## About this exercise
Repeat the listing word for word. Leave every picture out.

## Information supplied
☆ ☆ ☆

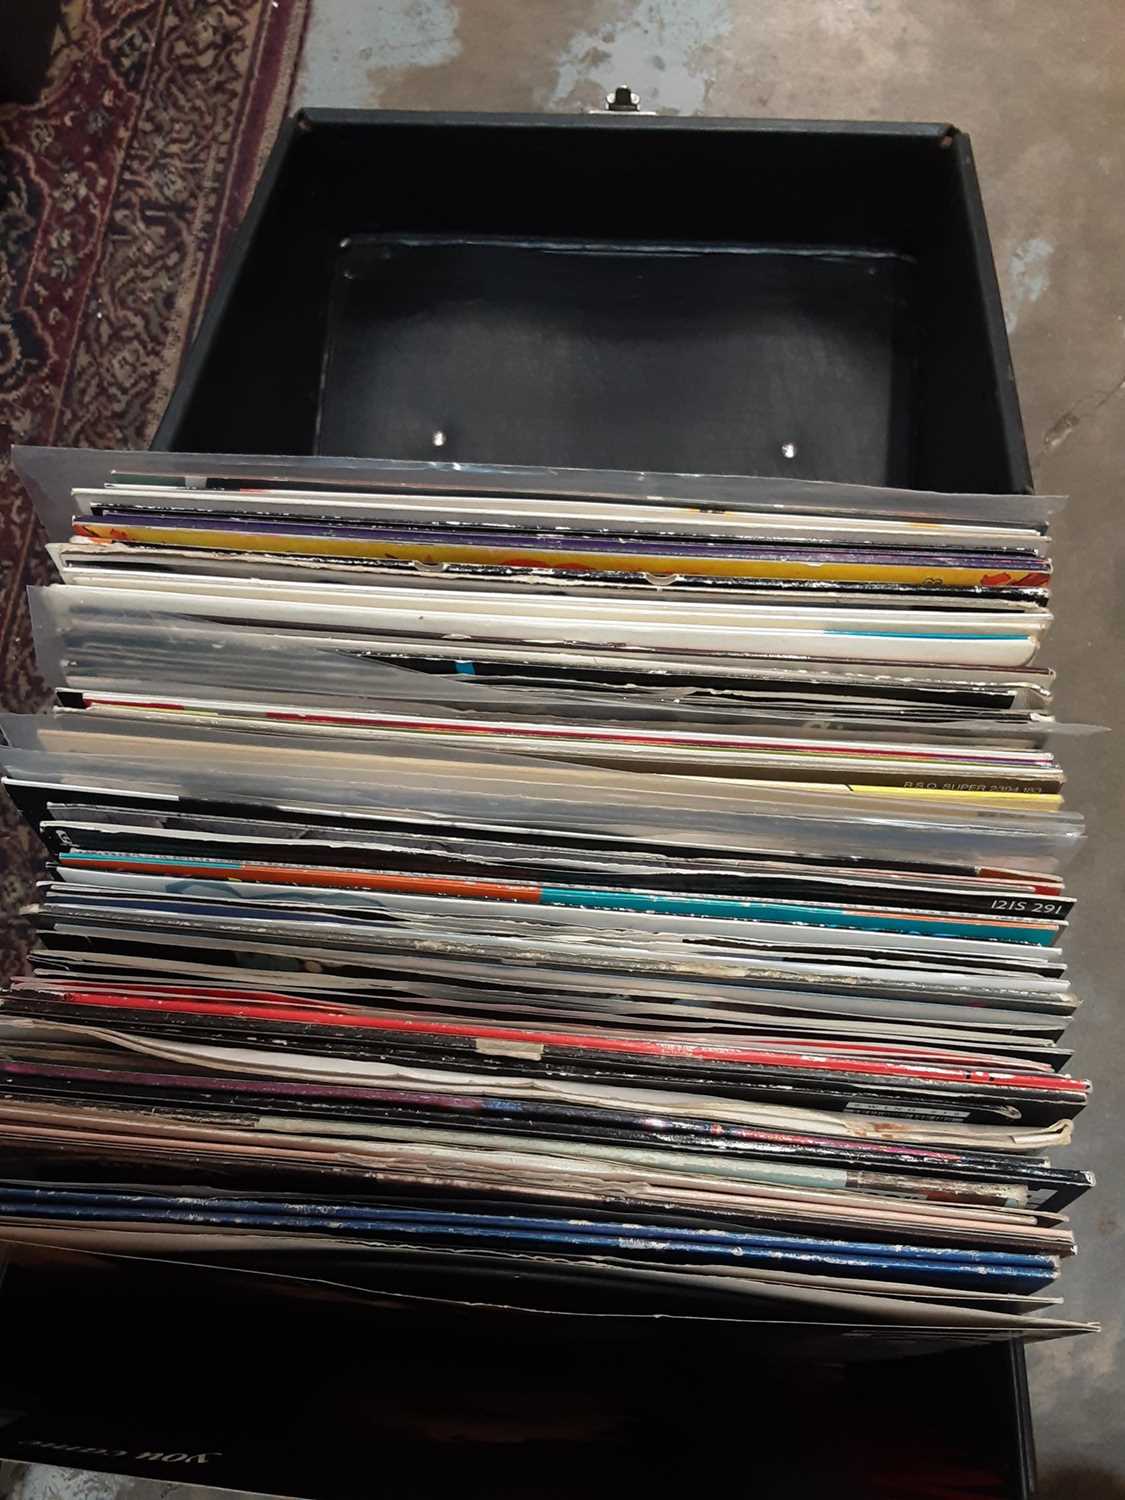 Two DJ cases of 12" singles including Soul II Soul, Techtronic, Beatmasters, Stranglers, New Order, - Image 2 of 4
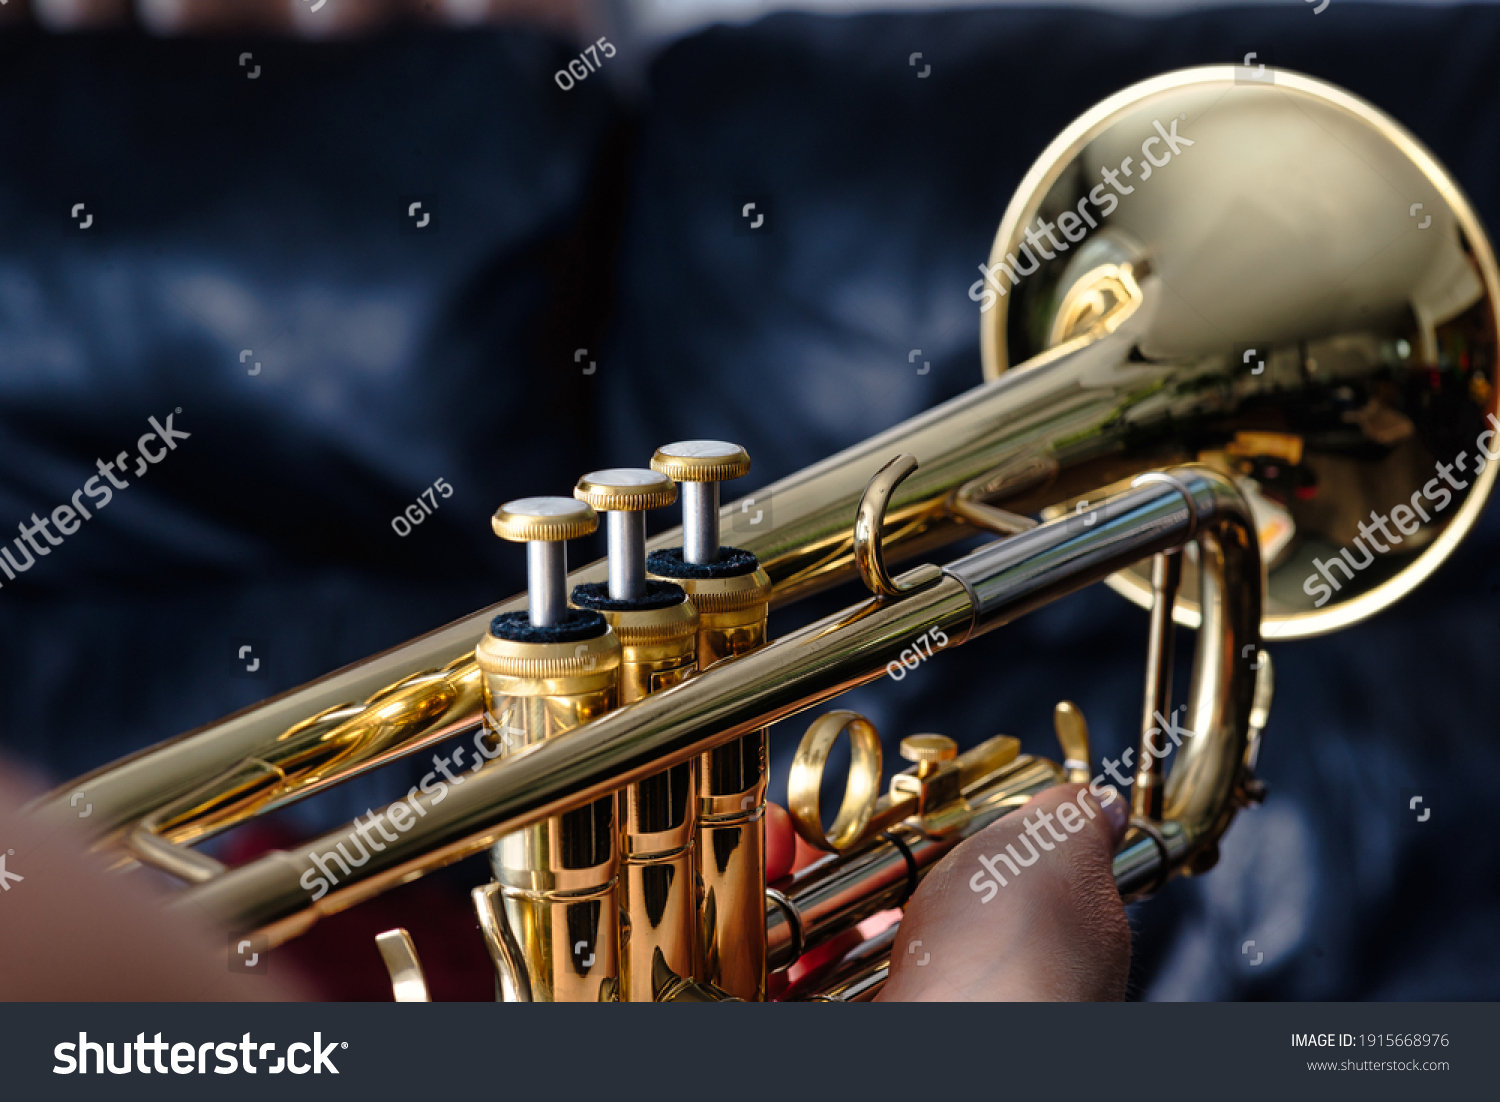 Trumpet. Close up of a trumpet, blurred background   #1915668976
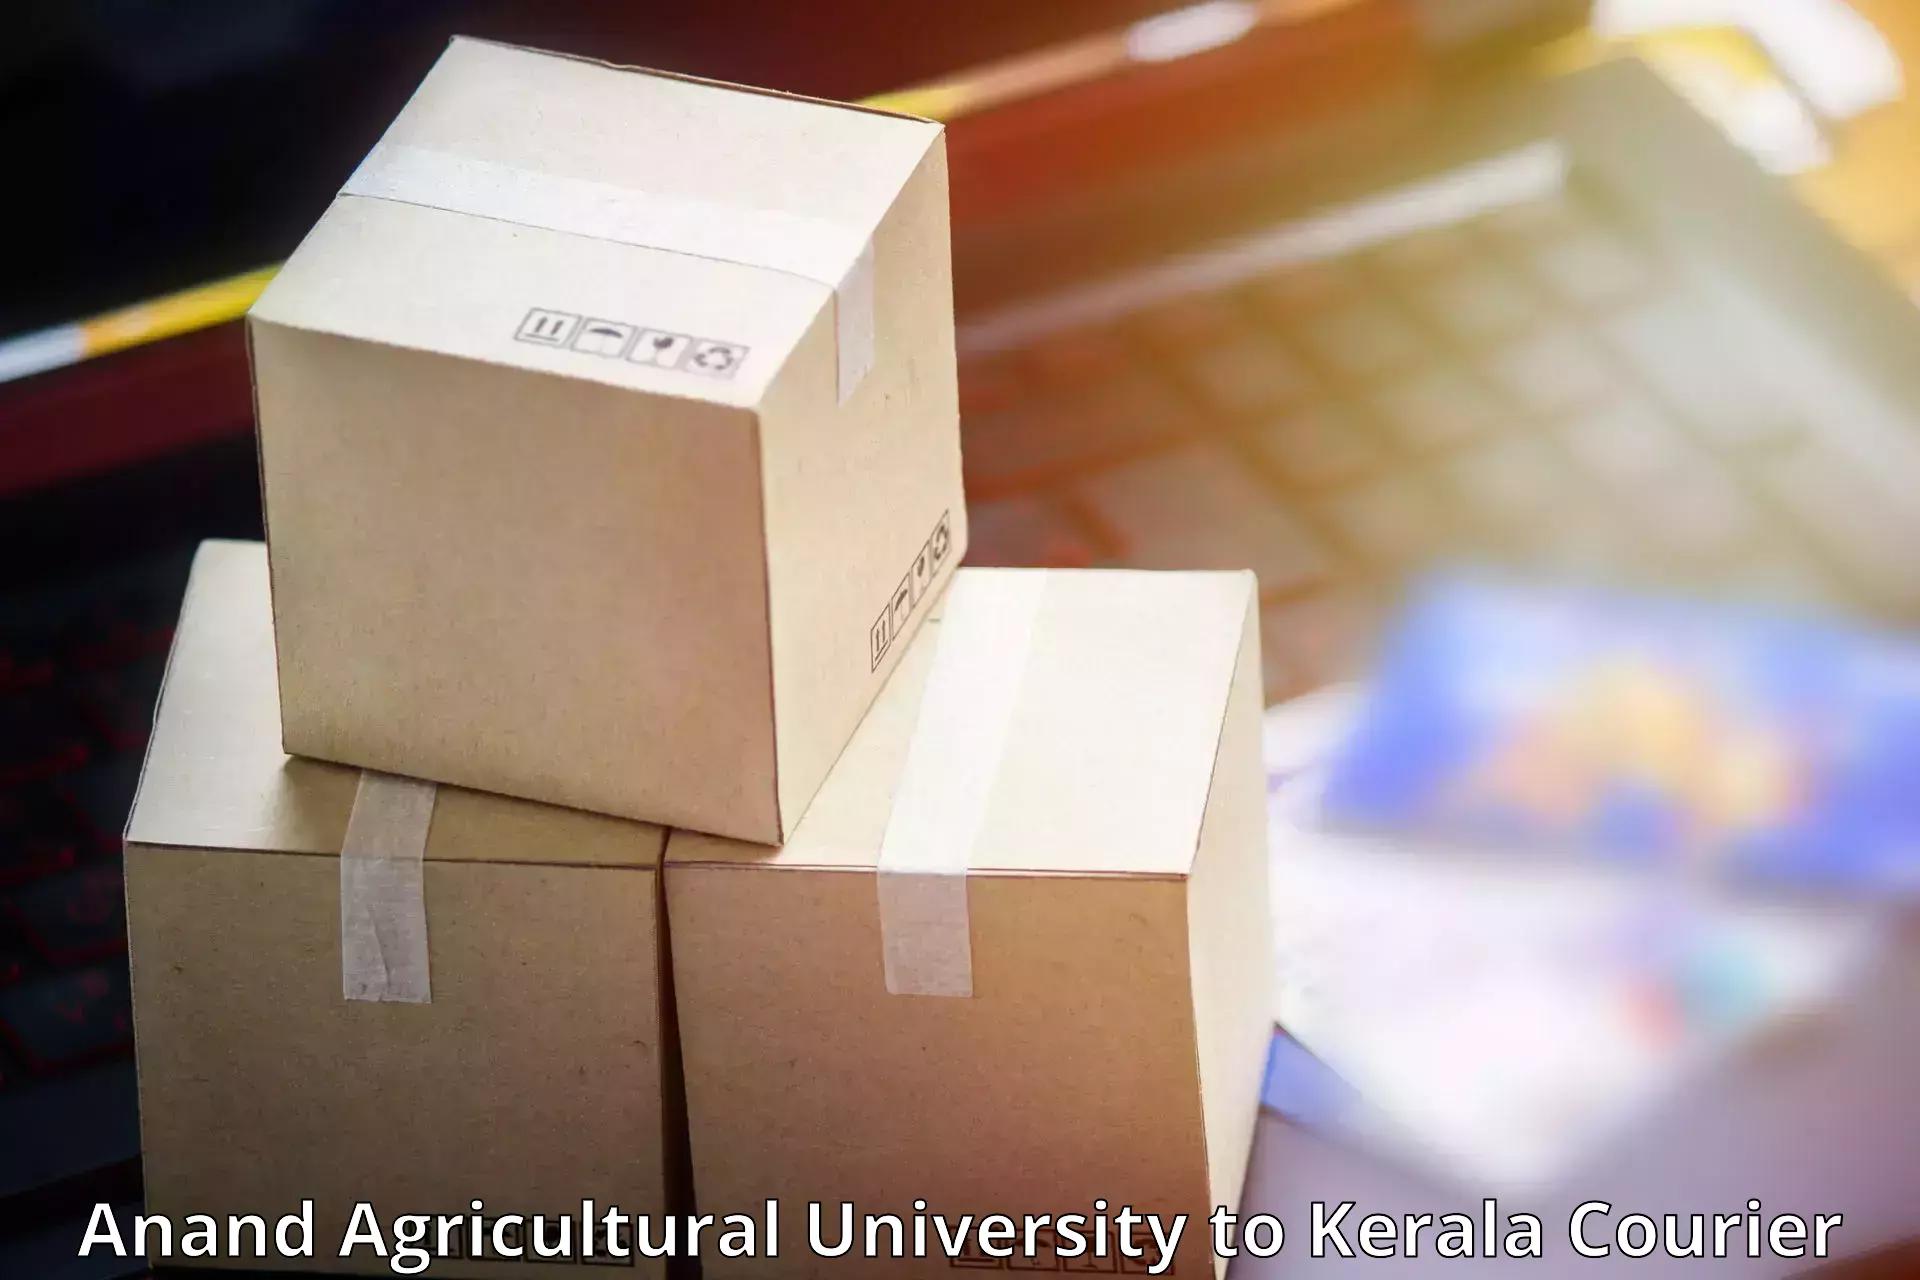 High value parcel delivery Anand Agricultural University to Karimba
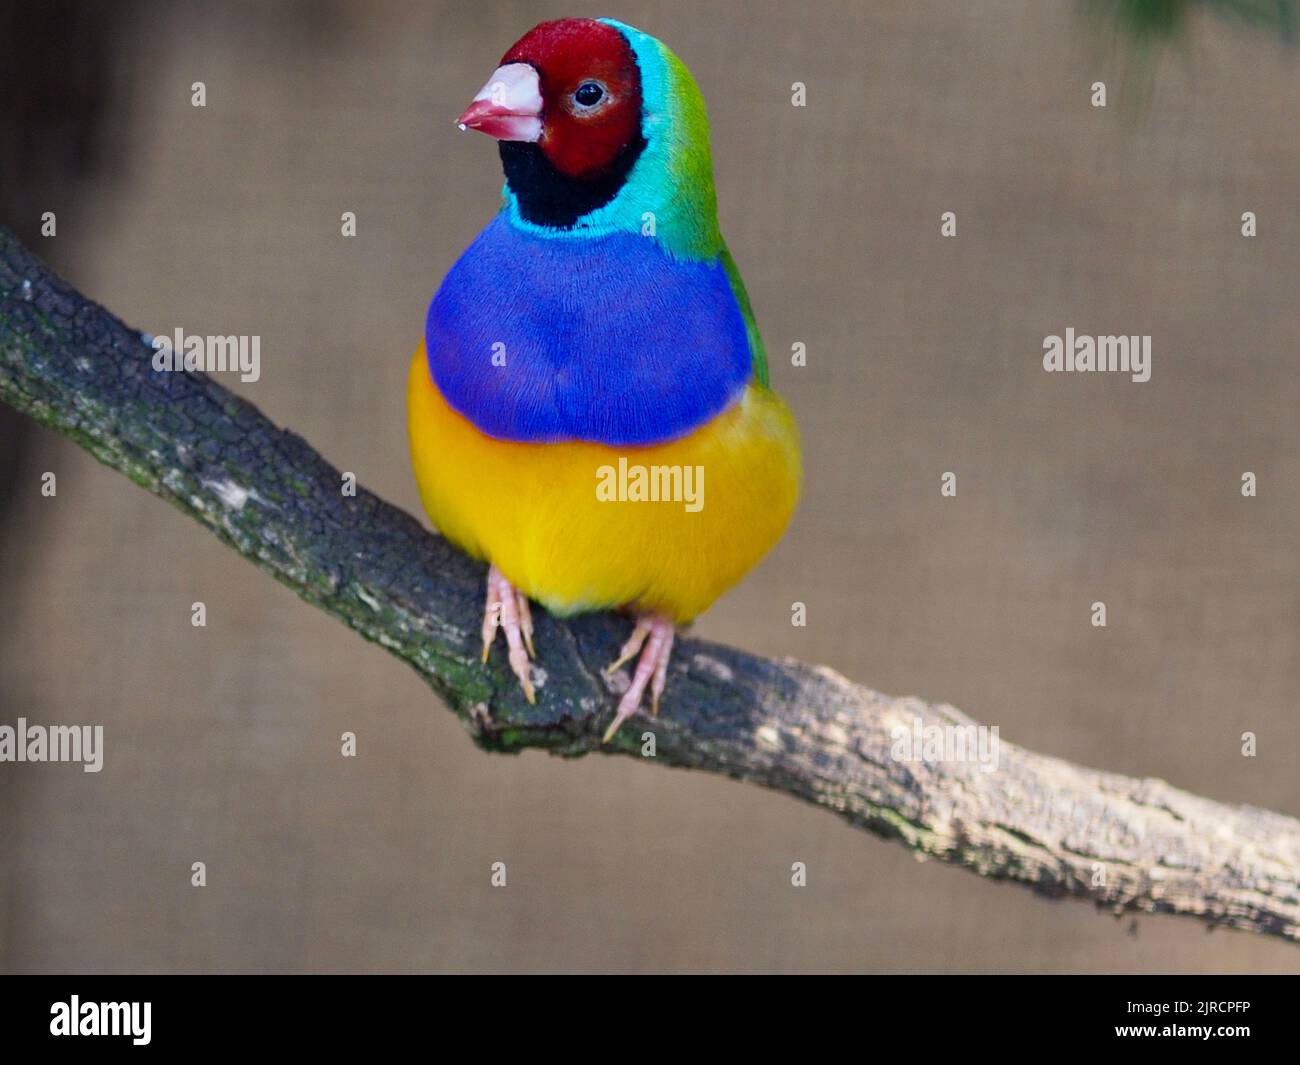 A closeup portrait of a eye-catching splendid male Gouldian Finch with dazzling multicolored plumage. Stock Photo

☆ ☆ ☆

## Output below
 Two DJ cases of 12" singles including Soul II Soul, Techtronic, Beatmasters, Stranglers, New Order, - Image 2 of 4
 Trumpet. Close up of a trumpet, blurred background   #1915668976
 High value parcel delivery Anand Agricultural University to Karimba
 A closeup portrait of a eye-catching splendid male Gouldian Finch with dazzling multicolored plumage. Stock Photo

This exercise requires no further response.